Showing posts with label Allergies. Show all posts
Showing posts with label Allergies. Show all posts

Wednesday, January 29, 2020

Allergies


I’ve been plagued by allergies for most of my life. Anyone who’s ever seen me suffer through an outbreak of hives, especially in those early ones, understands what I mean when I say plagued.

The first, and the worst, was in Grade 5, in the spring, just before our school celebrated some sort of Chinese festival. We’d spent weeks preparing for it (I have no idea how long we prepared for it, but we’d begun before I was stricken, and I was still stricken when the celebration was complete) when one weekend morning I woke to horrible itching. I scratched to no relief, and when I finally found myself in front of a mirror, was horrified by the angry red welts covering my face, rendering me somewhat unrecognizable. I called out to my mother in a panic, and her reaction to my new look was less than comforting. Further inspection confirmed the presence of hives everywhere, some small and round and only beginning to blossom; others mature, fully grown, and in all manner of shape, soon to be subsumed again within the confines of my skin. About three and a half weeks would pass before I was free of them, but not before my hands had swollen to the point where I could not even bend my fingers, my feet so bloated and sensitive to touch that I could not even walk, reduced to crawling about. Worse still was the blow to my vanity: the hives never left my face, painfully altering my features in some new caricature of self from first to last day. Begging sickness and hiding from view, I missed the entire festival, including the much anticipated Chinese food feast. Mr. Litchfield made a special trip to my house that day, carrying with him enough food for my whole family. I was thrilled, but I also refusing to come to the door until he’d left. My mother would have none of that, coaxing me from hiding to thank Mr. Litchfield for his kindness. Mr. Litchfield treated my fragile vanity with more tact than I thought anyone could muster, and never once showed any of the shock or loathing I’d expected.

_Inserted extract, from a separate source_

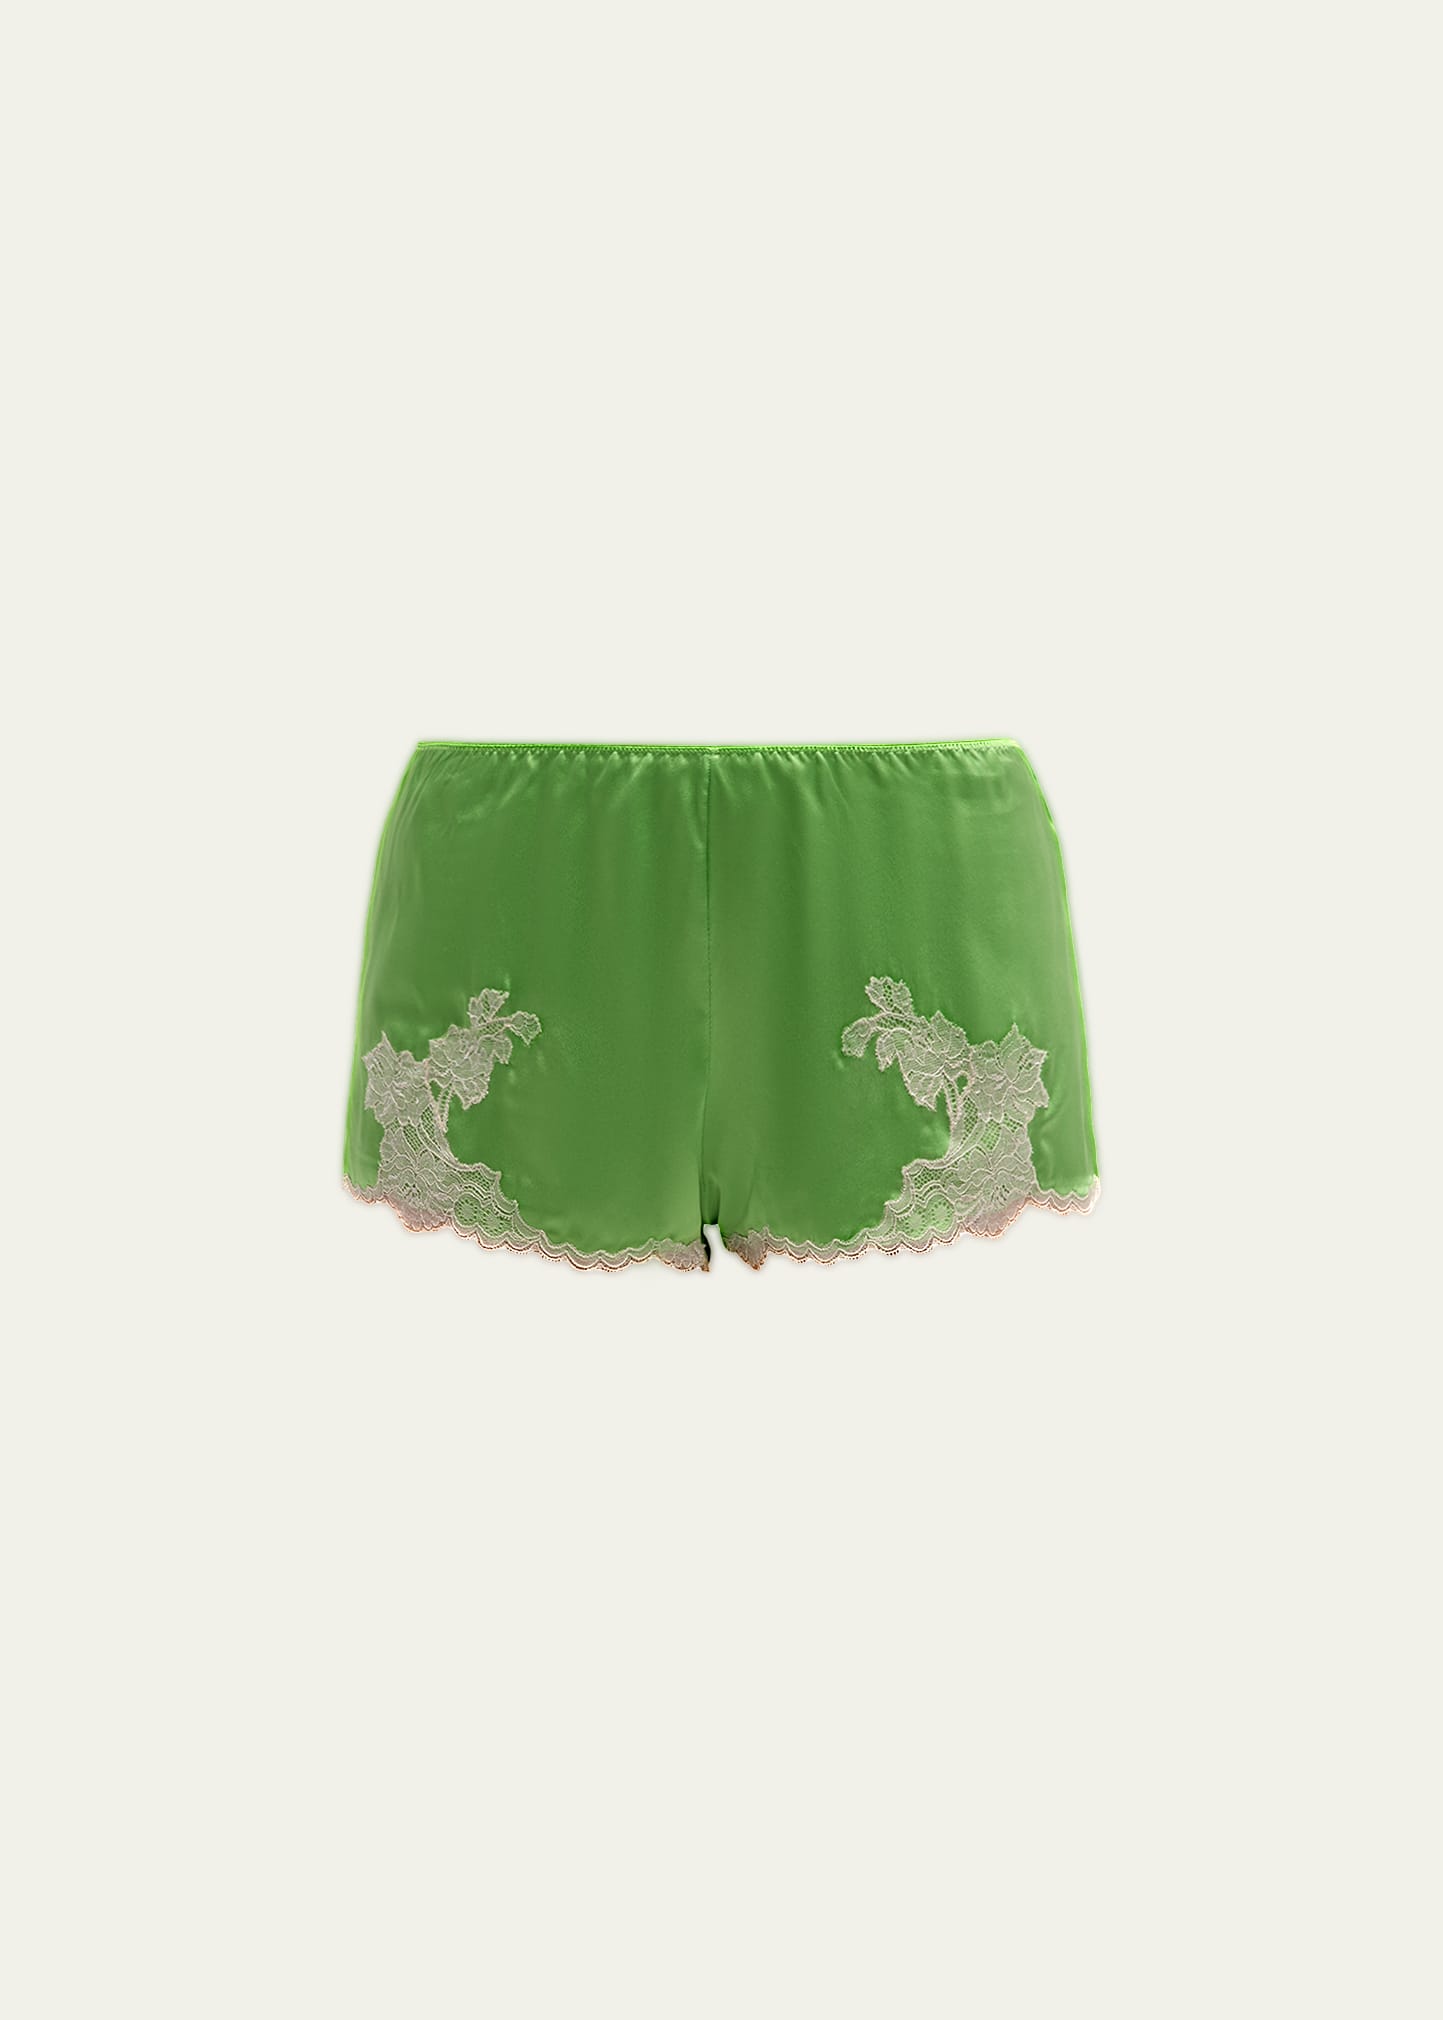 Josie Natori Lolita Lace-Trim Silk Shorts

Testing was prescribed. I was instructed to abstain from those things I was exposed to most often...to see what might happen, or not. Then the day arrived. The allergist had arrived and inked my arms with numbers, and over each was scratched an oil, an extract of some fruit or vegetable, some dust or dander, some sap or some some-such. I can’t say how many allergens were exposed, but there were certainly enough, including dog dander. I had to abstain from those things, which apparently was to include exposure to dog dander. There was some deliberation about what to do with Cookie, our dog. I would have nothing to do with being rid of her. She was an integral part of my existence.

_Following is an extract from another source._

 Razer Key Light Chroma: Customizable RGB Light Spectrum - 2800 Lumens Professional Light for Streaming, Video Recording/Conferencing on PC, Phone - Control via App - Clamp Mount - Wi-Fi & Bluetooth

Monthly shots were prescribed, not that I believe ever had any effect in halting, or even lessening the effects of further outbreaks, whatsoever.

So, further outbreaks followed, and were endured. Once, when renovations were again in full swing at the Hart Street house (still some years before the addition), I was sleeping in the basement, as my bedroom was reeking of paint, the red decorations poised to be put in place. Upon waking, I climbed the stairs to wash my face, which was feeling unusually tight, just then. I gazed down the upstairs hall and wondered, in my morning confusion, who the kid was down the hall. My heart skipped a beat upon recognition. It was me. It was my reflection in a mirror set out and leaning against the far wall. My face was in such a state as to render me unrecognizable, even to myself.

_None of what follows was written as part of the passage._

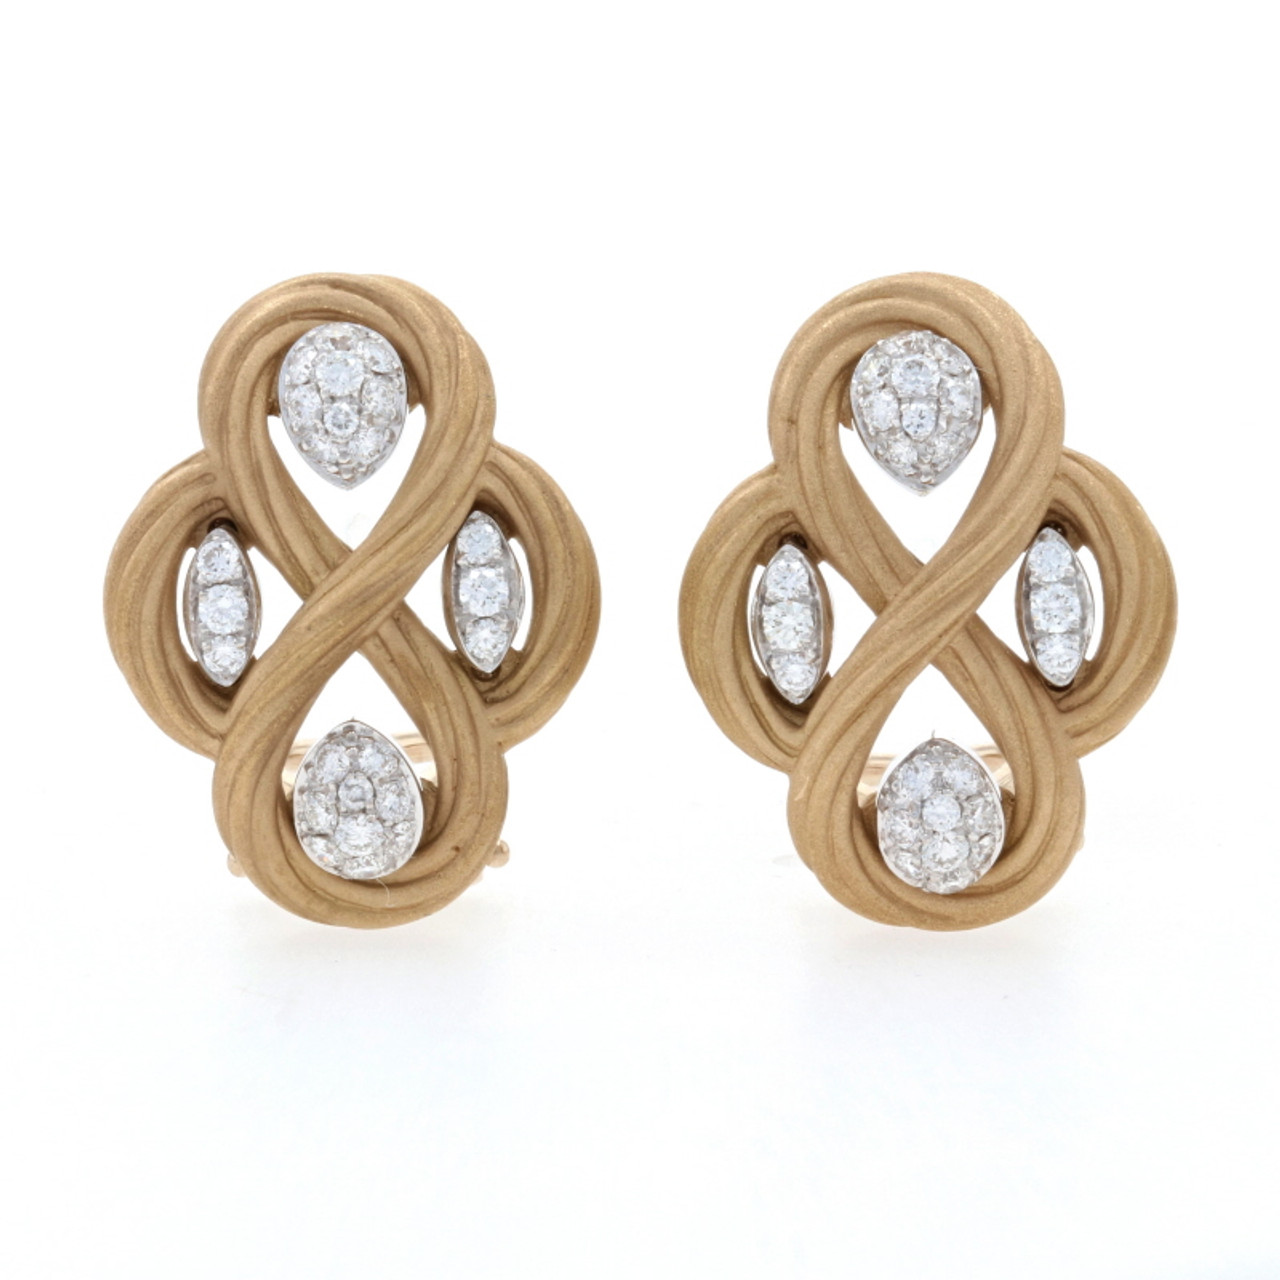 Petite Infinity Stud Earrings in 18K Yellow Gold with Diamonds, 7.8mm |  David Yurman

I learned, in time, to take the shock I would see in others’ faces in stride. I had no choice, I could not hide away from the world for a month at a time, two or three times a year.

But it did get better. Years found the outbreaks lesser, and in time infrequent.

I learned an important lesson throughout those ensuing years. Most people have difficulty with deformity, in whatever form it may exhibit itself. They retreat from it. And from the person. Dealing with that hardens one’s soul.